Mayer v. Dwinell

29 Vt. 298 | Vt. | 1857

The opinion of the court was delivered by

Redfield, Ch. J.

The only serious question in this case, as it seems to us, is whether the contract of sale was rescinded. The auditor certainly did not intend to find, in terms, any such rescission. For he held the defendant liable for the full amount of the stipulated price. And as the contract was a sale, with warranty, this result of the auditor must go upon the ground that the defendant had conducted in such a manner as not to be entitled to any rebate for breach of the warranty. This is only the case where the vendee accepts the article unconditionally.

But the facts reported seem to us scarcely to justify such a conclusion. The acknowledged inferiority of the article, and that the defendant at no time recognized its sufficiency, will prevent any such conclusion.

But it does seem very obvious that there was nothing in the case amounting to a rescission of the contract of sale.

1. The use of five gallons of the varnish in testing its quality, when that might have been done by the use of a less quantity, will of itself bar the defendant’s right to rescind the sale, but will be no obstacle to his claim for a deduction in the price, as that may always be insisted upon, in the case of an express warranty, where the inferiority of the article is shown and nothing has been done to waive the claim on the warranty.

2. In case of warranty on the sale of goods, and no agreement to rescind and no proof of fraud, the party is not entitled to rescind; West v.
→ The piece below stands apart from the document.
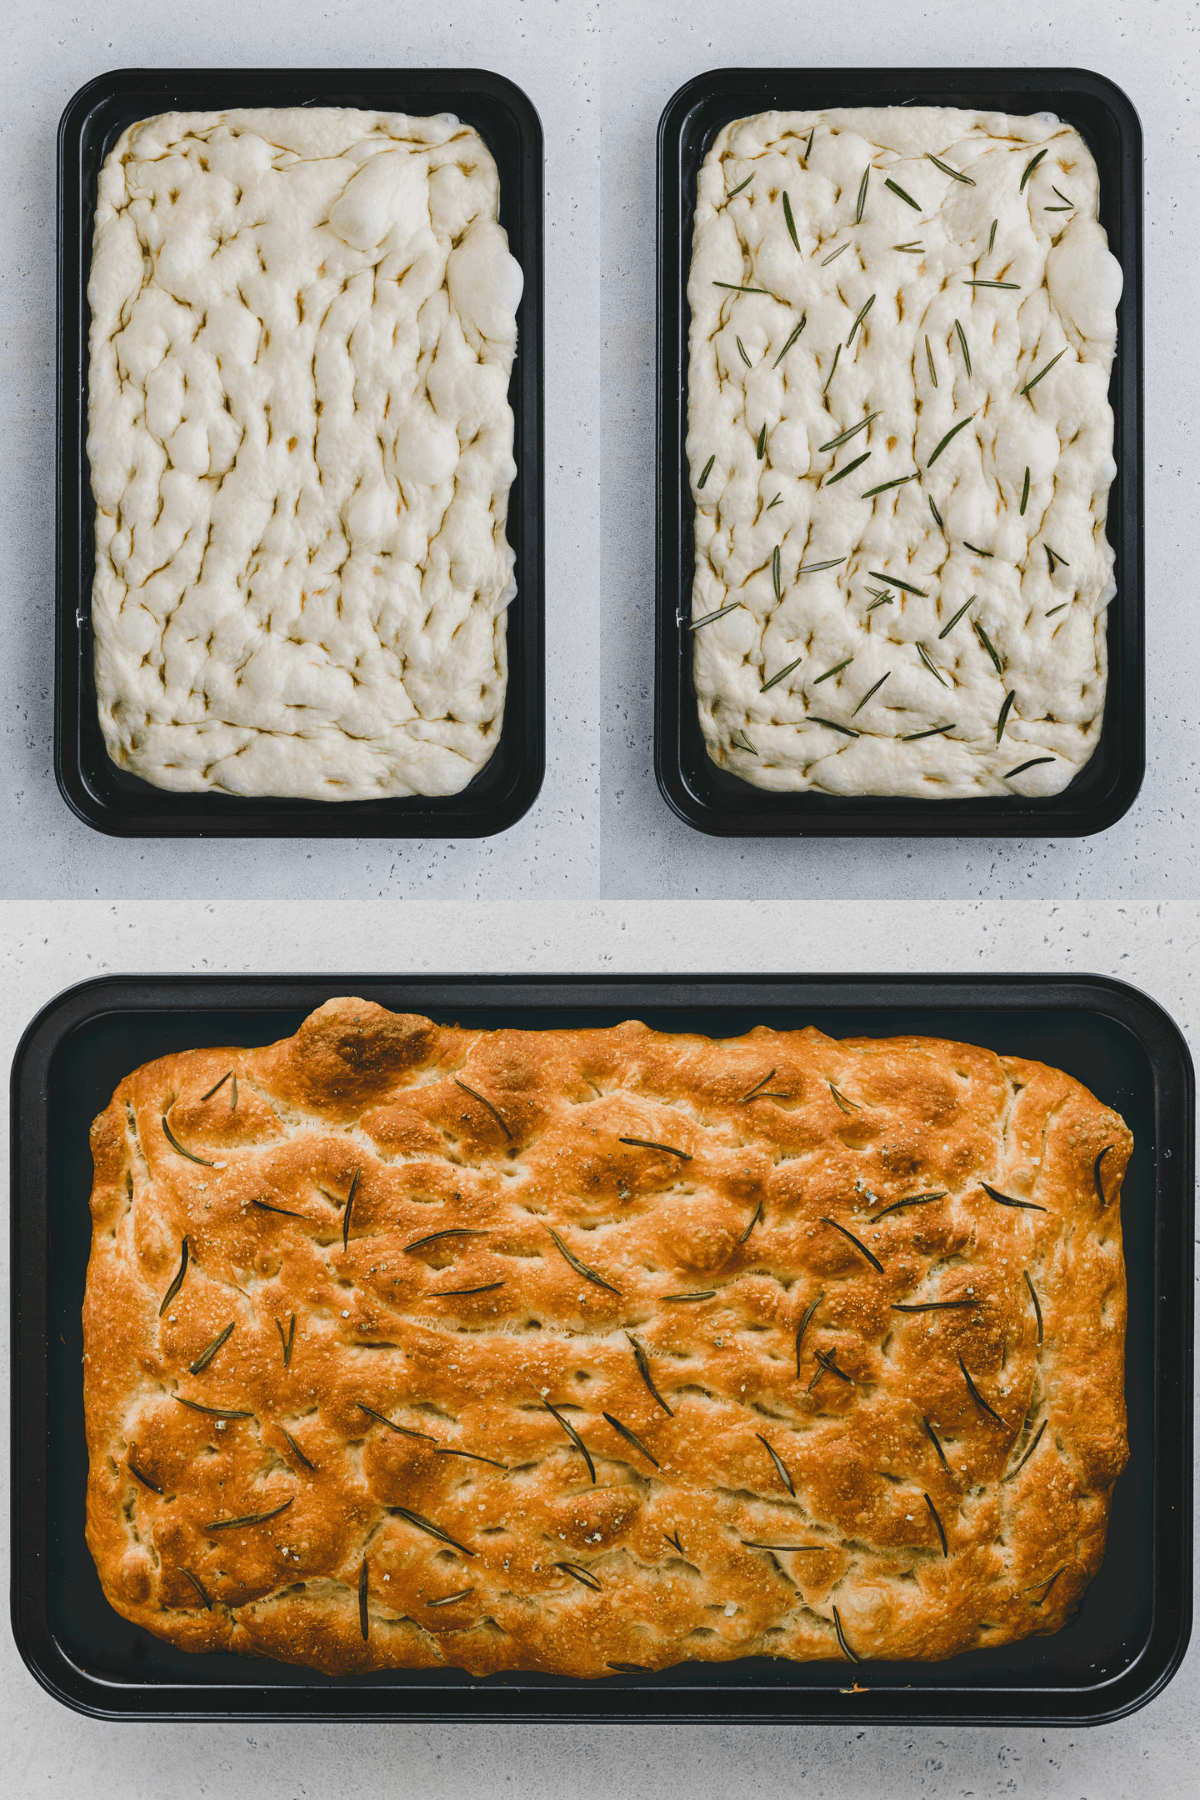 Three picture collage each of top views of focaccia making process: top left picture is of focaccia dough on a baking sheet with holes in it, top right is the same and also has fresh rosemary on it, and the bottom picture is the focaccia baked brown, just out of the oven.

Cutting, 19 Vt. 536.

3. There is in the present contract an alternative stipulation either to make good the deficiency of the ar'icle or take it back. Such an alternative is usually in the election of the party speaking. A promise in the alternative puts the alternative in the election of the promissor unless there is something to take the case out of the general rule; Patchin v. Swift, 21 Vt. 292.

*3044. There is no distinct offer to rescind the contract and return the article in this case. The first letter says, the defendant is not willing to keep it at any price, and desires to know what to do with jt, which may be regarded as a repudiation of what remains. But this letter says, “ I am not willing to pay two dollars and twenty-five cents per gallon for what I have used, but am willing to do what is right and just under the circumstances.” And the next letter expressly claims to hold the varnish till the damage is paid. So that altogether the defendant must be regarded as standing upon his warranty in his claim. And this, as it seems to us, is all that he could claim under the contract; West v. Cutting, 19 Vt. 536; Brown v. Sayles, 27 Vt. 227.

But, as we have before said, the breach of warranty will entitle the defendant to reduce the recovery to the value of the article which the auditor has reported in the present case.

Judgment reversed and judgment for the plaintiff for seventy dollars and twenty-two cents, and interest from April 11856.